Sometimes, two commands have the same discriminative keywords with different locations. In such cases, the location of keywords discriminate two commands. For example, as Table 1 shows, both commands 46 and 54 have discriminative keyword “temperature”. However, in command 46, this keyword is located at the beginning of the command while it is located at the end of command 54. Therefore, in this case, the location of the keyword discriminates the two commands.

According to Table 1, the voice commands can be divided into three groups based on the number of their discriminative keywords. Commands type I are decoded using only one discriminative keyword. In the commands type II, two discriminative keywords are used for decoding them. Commands type III are decoded using three discriminative keywords. The rule-based language model is proposed based on these three types of commands. In addition, there are some exceptions for some voice commands. The general rules have been modified for these commands to cover those exceptions. The different exceptions types and the main general rules for decoding three types of commands and different types of exceptions are proposed in the following.

2.6.1 Different exceptions types

2.6.1.1 Exception 1

The command is determined due to just one discriminative keyword, but it contains more than one keyword. Some of them are discriminative keywords of other commands. In such cases, the rules are modified to cover this exception and decode the command, correctly.

2.6.1.2 Exception 2

Some discriminative keywords have very similar pronunciations. Thus, any recognition error (a deletion/ addition/ substitution) can convert these keywords to each other. For example, “drogue” and “analogue” have similar pronunciation. In addition, it is possible to detect “main” instead of “management”. In these cases, the rules are modified to consider the probability of pronouncing the other discriminative keyword and thus, the other voice command. Therefore, it is possible to compensate the recognition errors in the detecting keywords. It means that if the detected keyword is not the same as the pronounced keyword, the input voice command is decoded, correctly.

2.6.2 Rules for commands type I

The main general rule for commands type I is as follows:

figure a

As it is clear from the above rule, when there is only one detected keyword (a discriminative keyword), the decoded command is the second column content of that row of Table 1, which its third column content is the same as the detected keyword.

2.6.3 Rules for commands type II

Commands of type II divided into two groups. Commands that contains on/off as the second discriminative keyword and commands that does not. For example, the command “launcher separation” is of the second group. The main general rule for commands type II is as follows:

figure b

In the above rule, which is very general (in order to cover the exceptions, our rule-based language model is more special than this form), at the first condition the possibility of existing other detected keywords after the current one is checked. If there is no keyword, two cases can be considered. The second discriminative keyword is very effective for decoding the command or not. In the first case, the command is not detected. In the second case, the commands, which their discriminative keyword is the first keyword, will be put ahead. For example if the first discriminative keyword is “launcher” and there is no detected keyword after it, the input command will be decoded to “launcher separation”; because, it is expected the user to utter this command more probably in comparison with command “launcher parameters”. However, one can decode the input command to “launcher parameters” due to less risk of executing this command (if it is decoded wrongly).

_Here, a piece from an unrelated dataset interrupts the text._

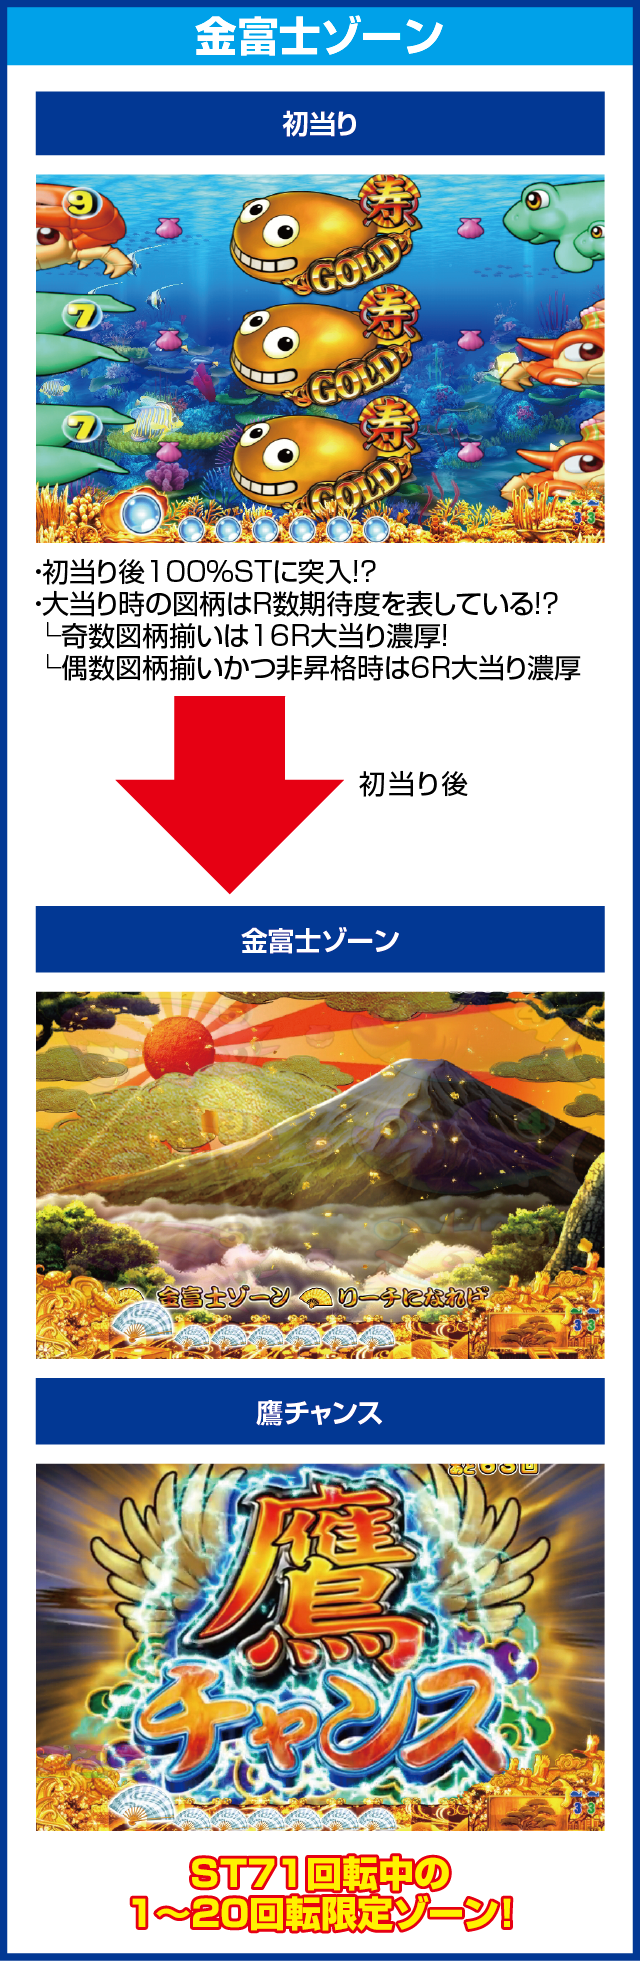 CRスーパー海物語IN JAPAN　金富士バージョン 319ver.のピックアップポイント

If there is another discriminative keyword after the first one, the rule will check it. If it is discriminative keyword 2, as is expected, the input speech will be decoded to the command with discriminative keywords 1 and 2. Otherwise, discriminative keyword 1 will be stored and the rule-based language model searches the suitable rule according to the second discriminative keyword.

2.6.4 Rules for commands type III

Only seven commands of 63 commands are of type III. One of the rules for decoding these seven commands is mentioned here as an example for special rules which cover exceptions. For example, rule for commands 6 and 7 is as follows:

figure c

The main user interface of the VCD system is depicted in Fig. 2.

Fig. 2
figure 2

The main user interface for the VCD system

As Fig. 2 shows, the user interface of the VCD system is composed of four tabs. The first tab “system” gives user some information about the system. In addition, user can exit from the system via this tab. The second tab provides five possibilities for users: Adding all files from a selected archive, adding just one file, deleting some files from the loaded archive, resetting the list of files and getting a voice command from the microphone, in online mode. The third tab “Dictionary” provides the possibility of loading a predefined dictionary of keywords or adding some special keywords for the user. In addition, the user can reset the selected keywords list or delete some keywords from the list. The last tab “processing” is an option for running the system, plotting the results and listening to them (for evaluating the correctness of the decoded commands).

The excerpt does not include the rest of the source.